2024 update addiction codependency finding home in yourself inner child recovering resilience sobriety trauma healing Mar 16, 2024
Pamela gives an update of the last two years of absence

Well, hola again.

Yes, it's me. Remember me? The chick who was so empowered about her sobriety that it verged on obnoxious? The woman who was cheering you on as you got sober for the first or the 100th time? The girl who was constantly churning out courses, podcasts, and sober-badass content? Yep, that was me. 

But you haven't seen me in a while. I mean, really seen me. I've sputtered a few vestiges of life, but mostly, I've been gone. Today, I'm coming here to share a coffee with you and get us all cozy and updated. 

Phew, it's been a hot minute. 

I could write about it in a million ways, but it's as layered as it is simple.

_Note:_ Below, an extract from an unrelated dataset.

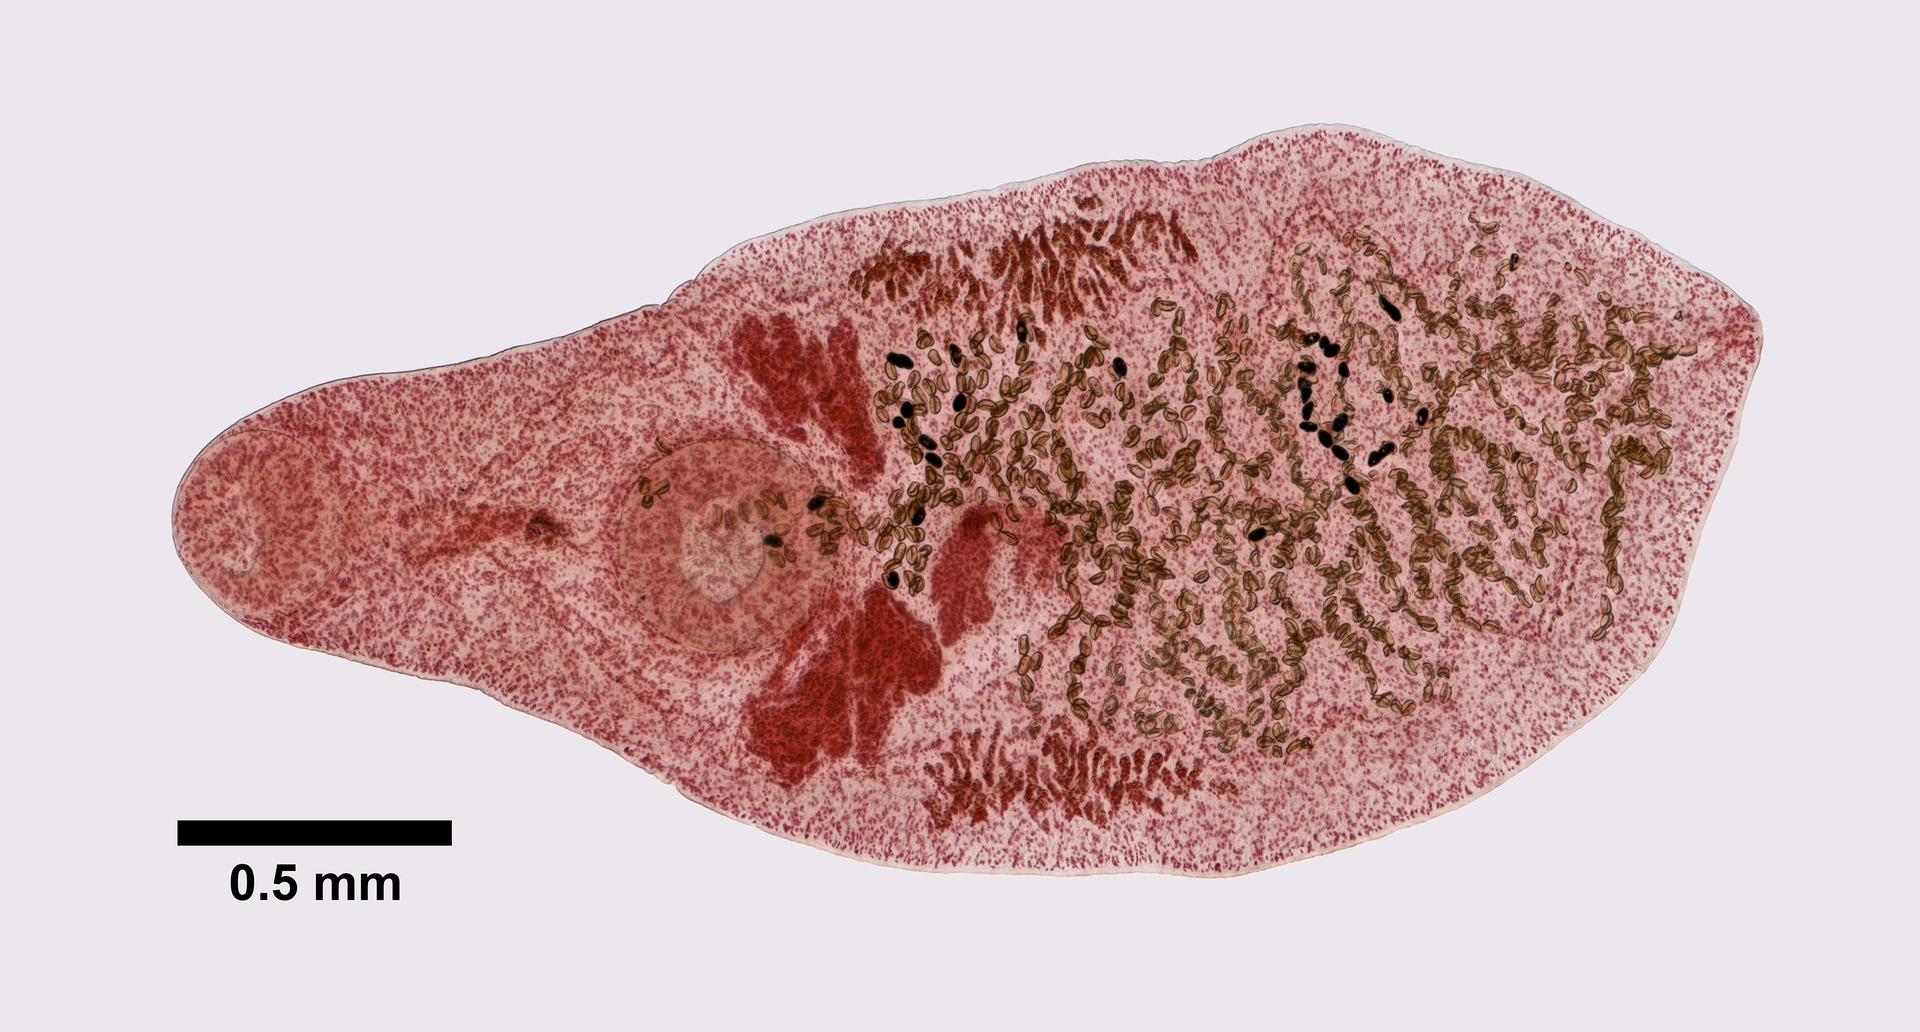 Platynosomum image

The headline? I erased myself over the last couple of years, one little piece at a time until I could barely breathe.

To be honest, I didn't realize this was a necessary process of evolution. Until recently, I felt lost and small, like I had dissolved and there was no way to find me again. I now know this "erasing" was a cycle of death in life —one that's needed for rebirth. As I re-design my life, I look back with great tenderness at what happened in the last two years. 

 

It all started in 2021 when I got hit with RHS (Ramsay Hunt Syndrome virus).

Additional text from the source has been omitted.